Preguntas frecuentes
¿El Flipper One es la segunda versión del Flipper Zero? No. No es un Flipper Zero 2 ni su sucesor. Es un aparato distinto, un ordenador Linux para redes IP, mientras que el Zero es un multiusos de radiofrecuencia de proximidad. Trabajan en capas diferentes y se complementan.
¿Cuándo se podrá comprar el Flipper One? Se anunció el 21 de mayo de 2026 y está en desarrollo. La versión para desarrolladores se espera no antes del verano de 2026, y la de consumo no tiene fecha. Hoy no está a la venta.

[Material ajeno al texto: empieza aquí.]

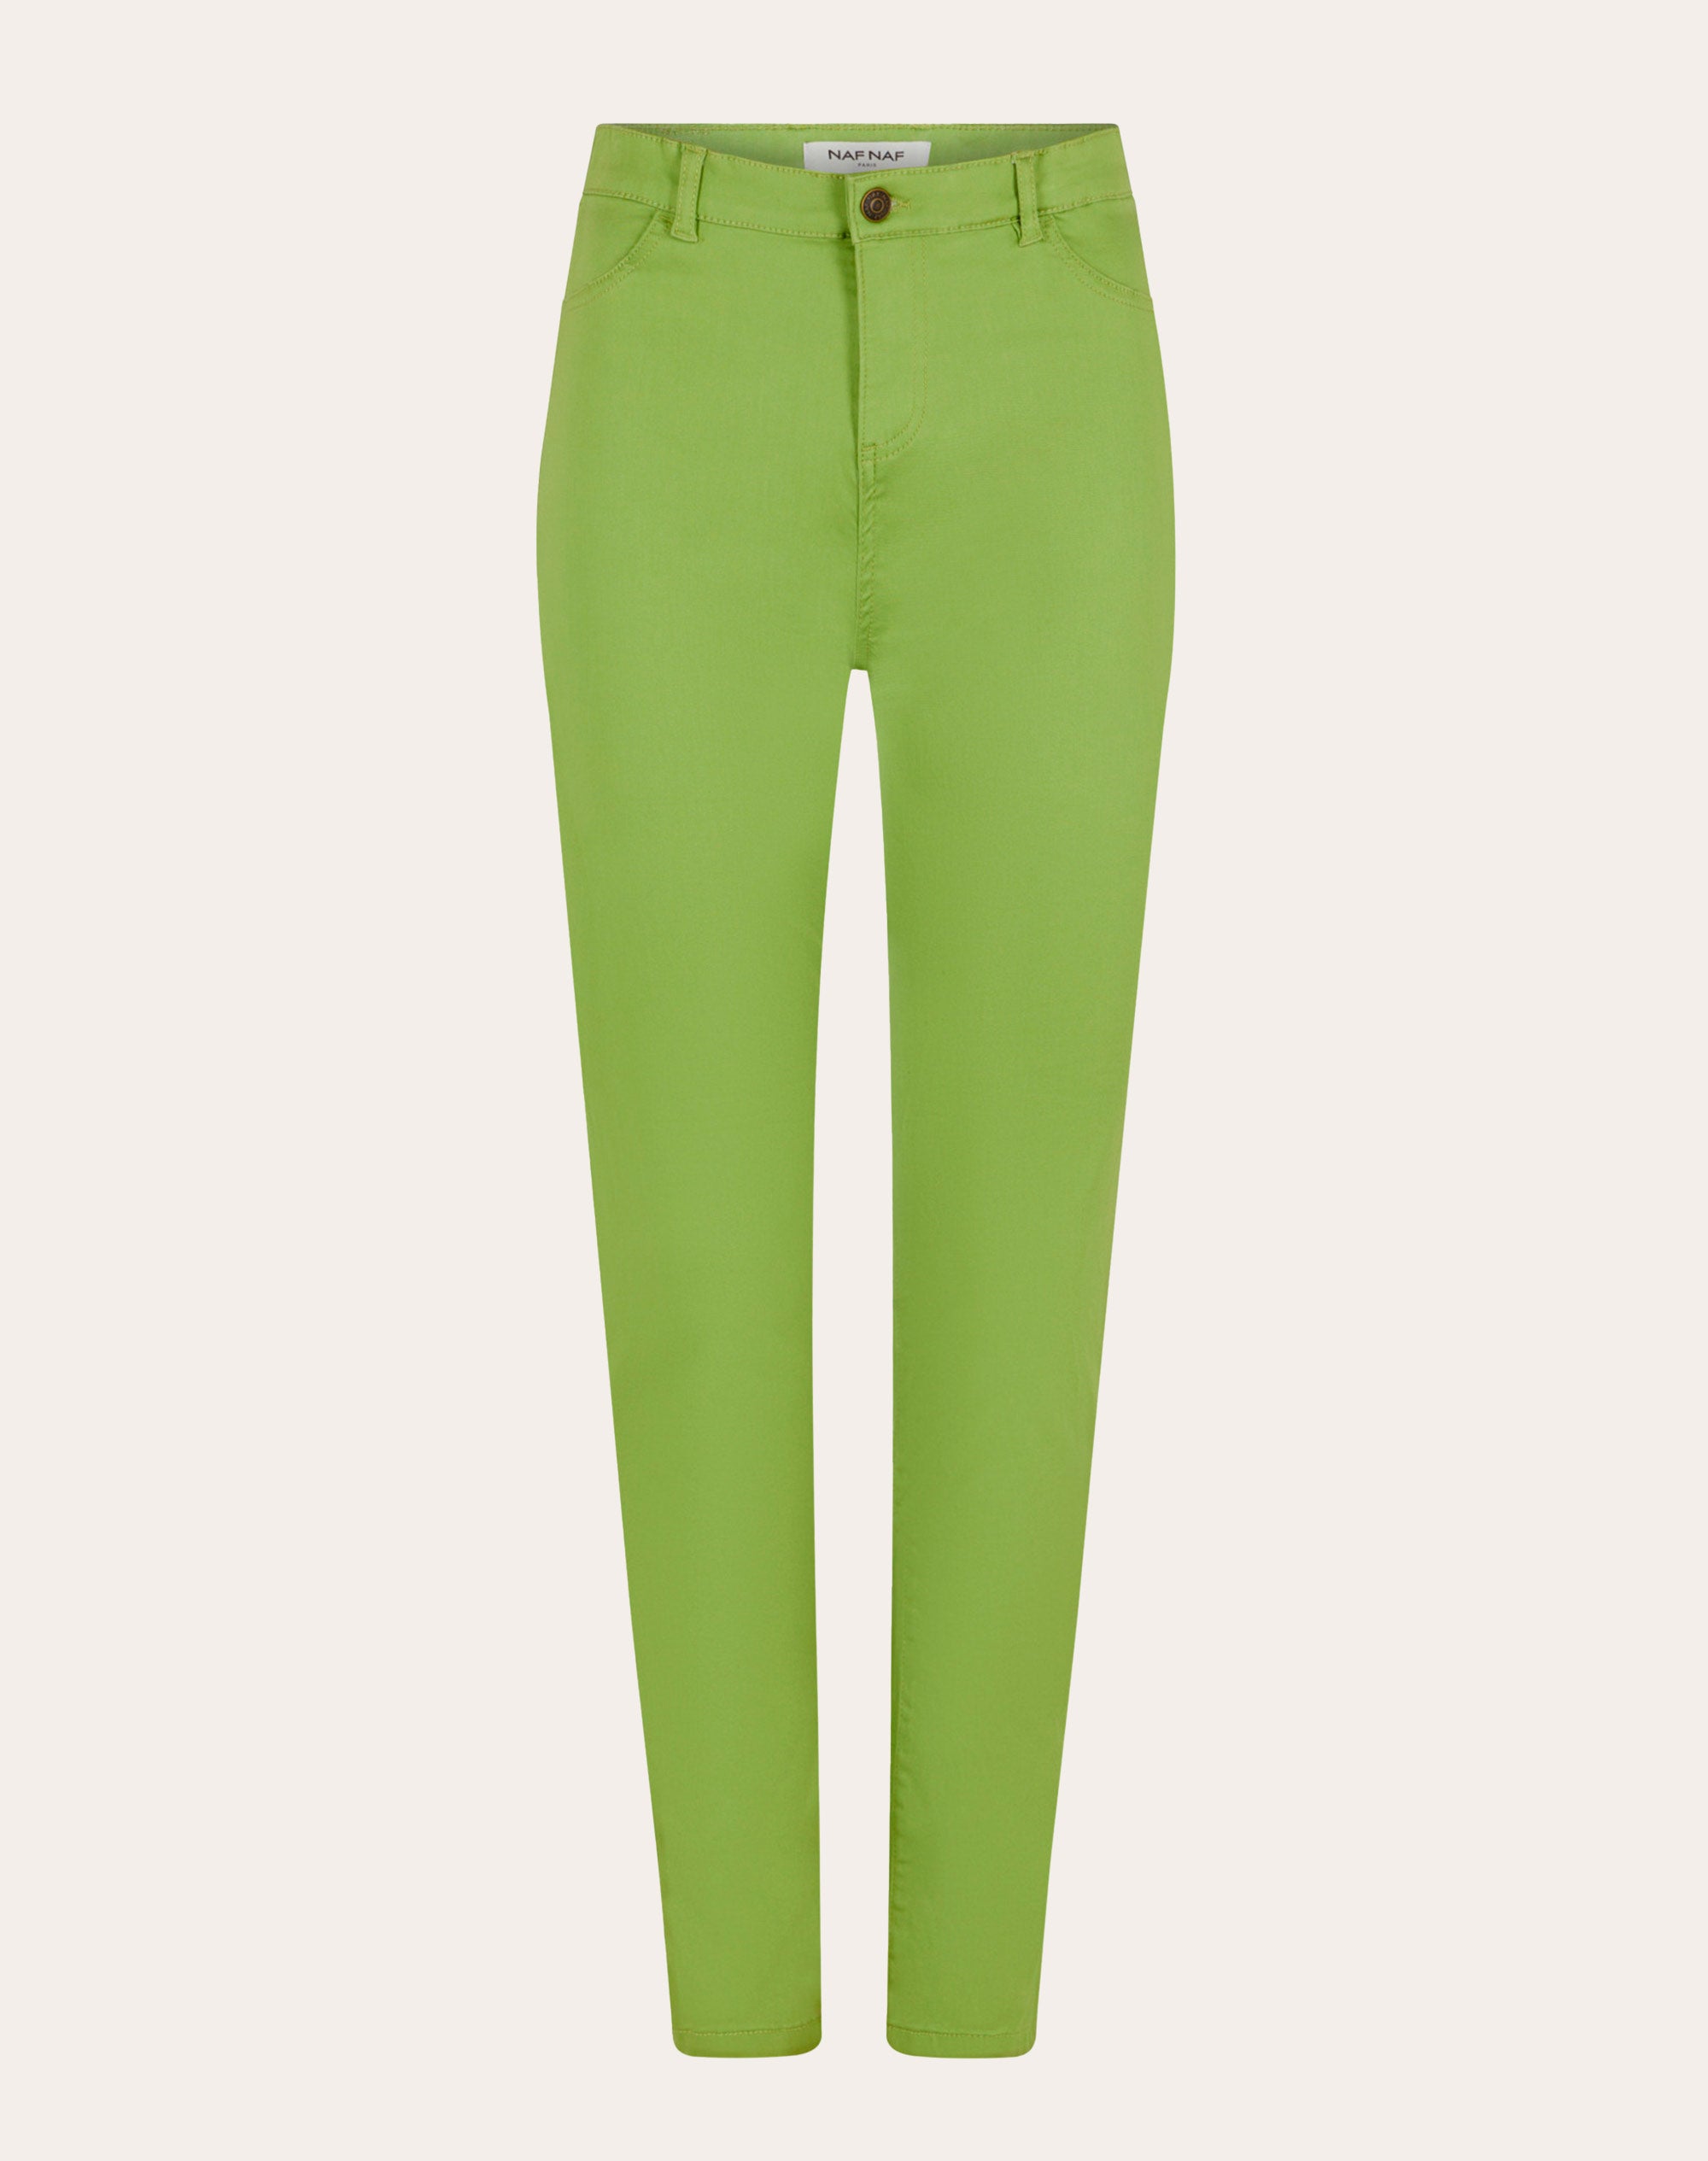 Pantalón skinny efecto mojado verde caqui mujer

¿Cuánto va a costar el Flipper One? La compañía ha declarado un precio objetivo por debajo de 350 dólares para la configuración base, sin el módulo celular. No es un precio cerrado: la propia marca avisa de que puede variar según el coste de los componentes y la crisis de RAM.
¿Cuánto cuesta el Flipper Zero en España? El precio oficial es de 169 dólares. En España suele situarse entre 180 y 220 euros según disponibilidad, vía distribuidores europeos o vendedores terceros en Amazon.
¿El Flipper Zero puede abrir cualquier coche? No. Los coches modernos usan códigos rotativos cifrados que no se replican copiando la señal. Solo funcionaría con sistemas antiguos y concretos. Su uso real es auditar dispositivos propios y aprender sobre radiofrecuencia.
¿Cuál compro si estoy empezando? El Flipper Zero. Está disponible, es más sencillo, cabe en el bolsillo y tiene una comunidad enorme detrás. El Flipper One tiene sentido si tu objetivo son las redes IP y puedes esperar a que salga.
¿Es legal usar el Flipper Zero en España? Sí. Es legal tenerlo, comprarlo y usarlo en España y la Unión Europea, siempre con un uso responsable sobre tus propios dispositivos o en entornos autorizados. Acceder a sistemas ajenos sin permiso sigue siendo ilegal.